Commissioner of Central Excise having jurisdiction over his factory indicating the particulars of the capital goods, description of the final product manufactured in his factory and such other information as the said Asst. Commissioner may require and shall obtain the dated acknowledgement of the said declaration. As it stood at the material time there was a provision provided that where a manufacturer was not in a position to make the declaration under Sub-rule (1) and makes the declaration subsequently but within the period of one month or such other period as might be allowed by the said Asst. Commissioner,for a maximum period of another two months from the date of receipt of the said capital goods in the factory. The Asst. Commissioner on sufficient cause being shown may condone delay for filing the declaration. Ld.

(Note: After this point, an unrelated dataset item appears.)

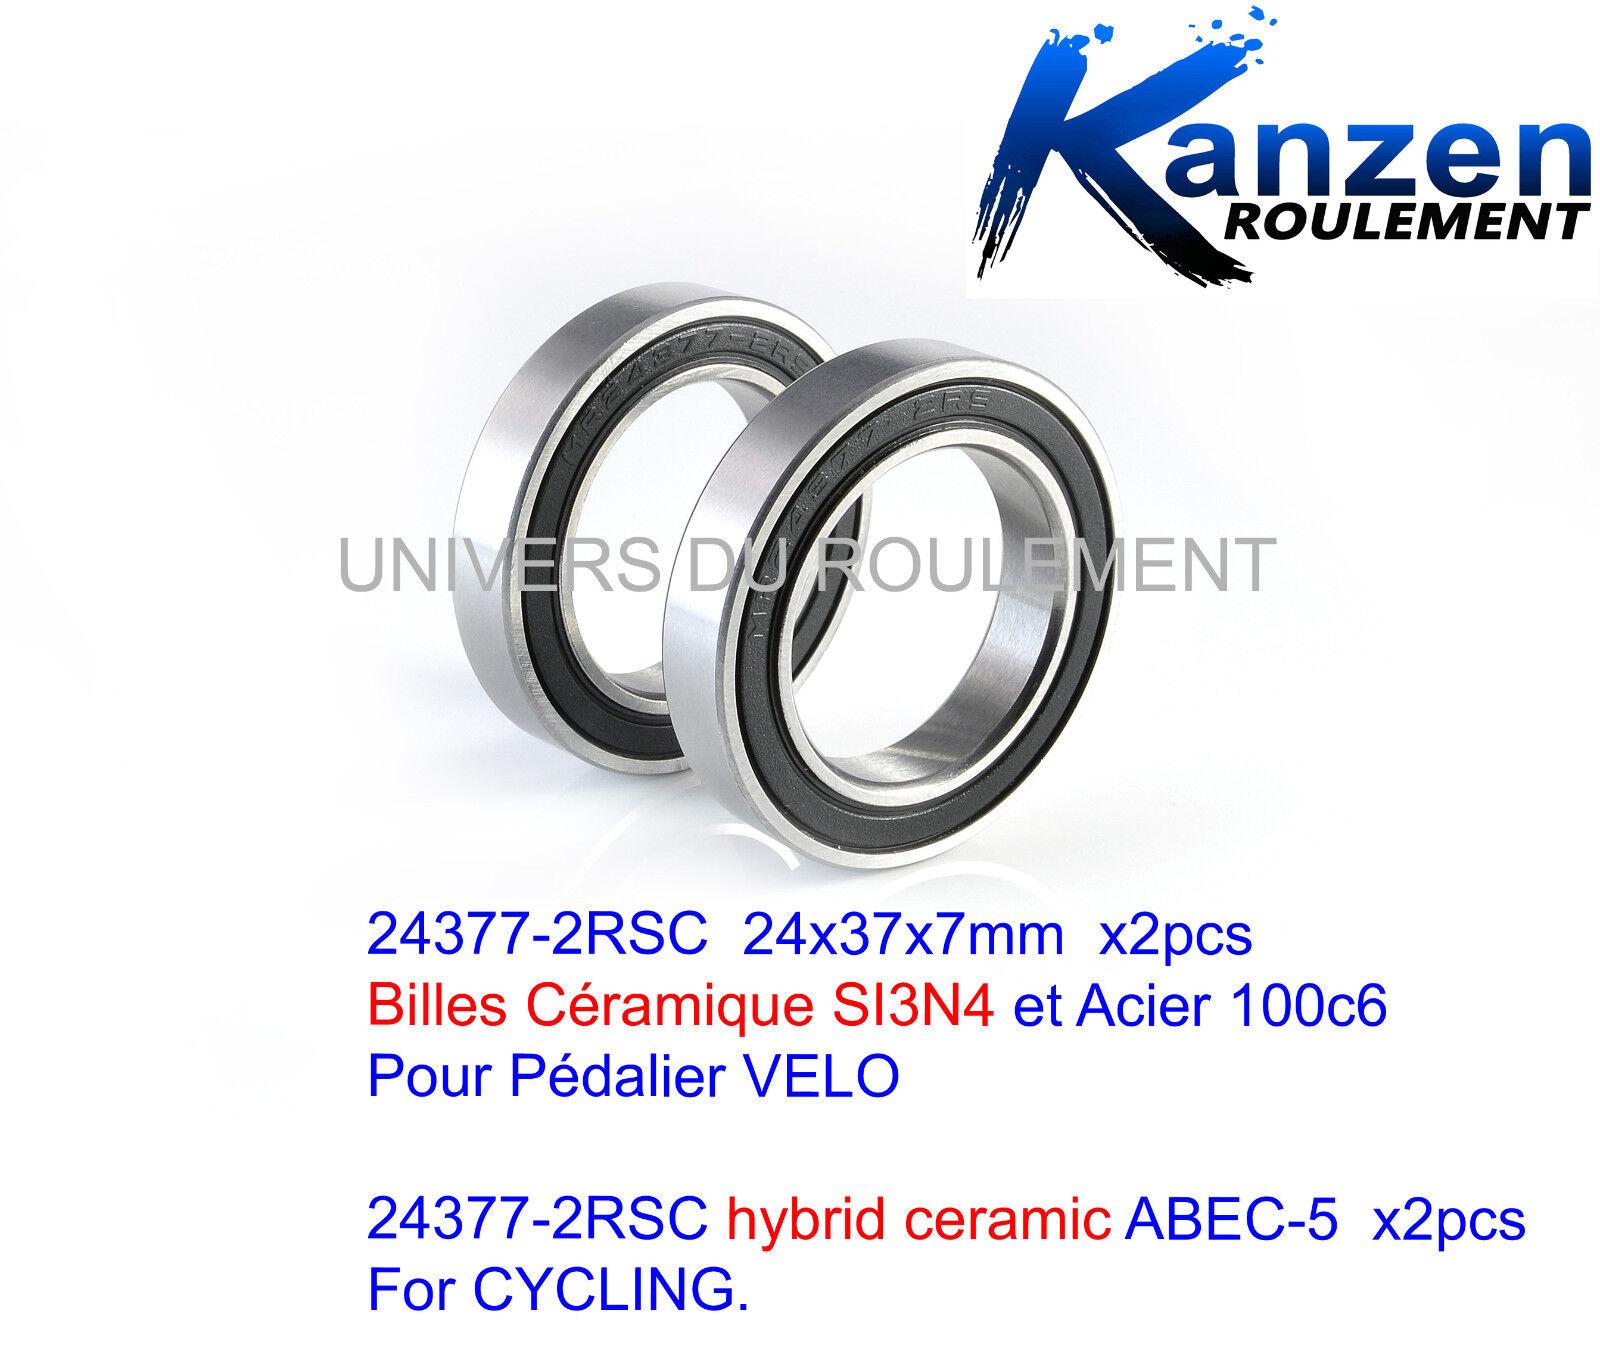 ROULEMENT A BILLES CERAMIQUE 24X37X7 24377 (2pcs) CYCLISME SRAM SHIMANO BB92

Counsel for the Respondents submitted that this rule read with proviso provides for making a declaration within three months from the date of receipt of the capital goods in the factory. She submits that factory has been defined under Section 2(e) of the Central Excise Act. She submits that the Respondents got the premises registered on 5-1-1995 and therefore as the Respondents herein had filed an application for condonation of delay along with the declaration and the delay was condoned by the Asst. Commissioner. Therefore, the period of three months should be counted from 5-1-1995 and not from the date of receipt of first consignment i.e., on 12-2-1994 and for subsequent consignment from the date of their receipt in the factory. We find that this contention of the ld. Counsel for the Respondents is strictly in accordance with the requirement of the rule. More over, we find that similar issue came up for decision before the Tribunal in the case cited and relied upon by the Respondents herein. Having regard to the decision in the above case and following them, we hold that Modvat credit will be admissible to the Respondents herein as they had fully complied with the mandatory requirement of filing the declaration within three months from the date of receipt of capital goods in the factory. In this view of the matter, we do not find any infirmity legal or factual in the impugned order. The impugned order is therefore upheld and the appeal is rejected.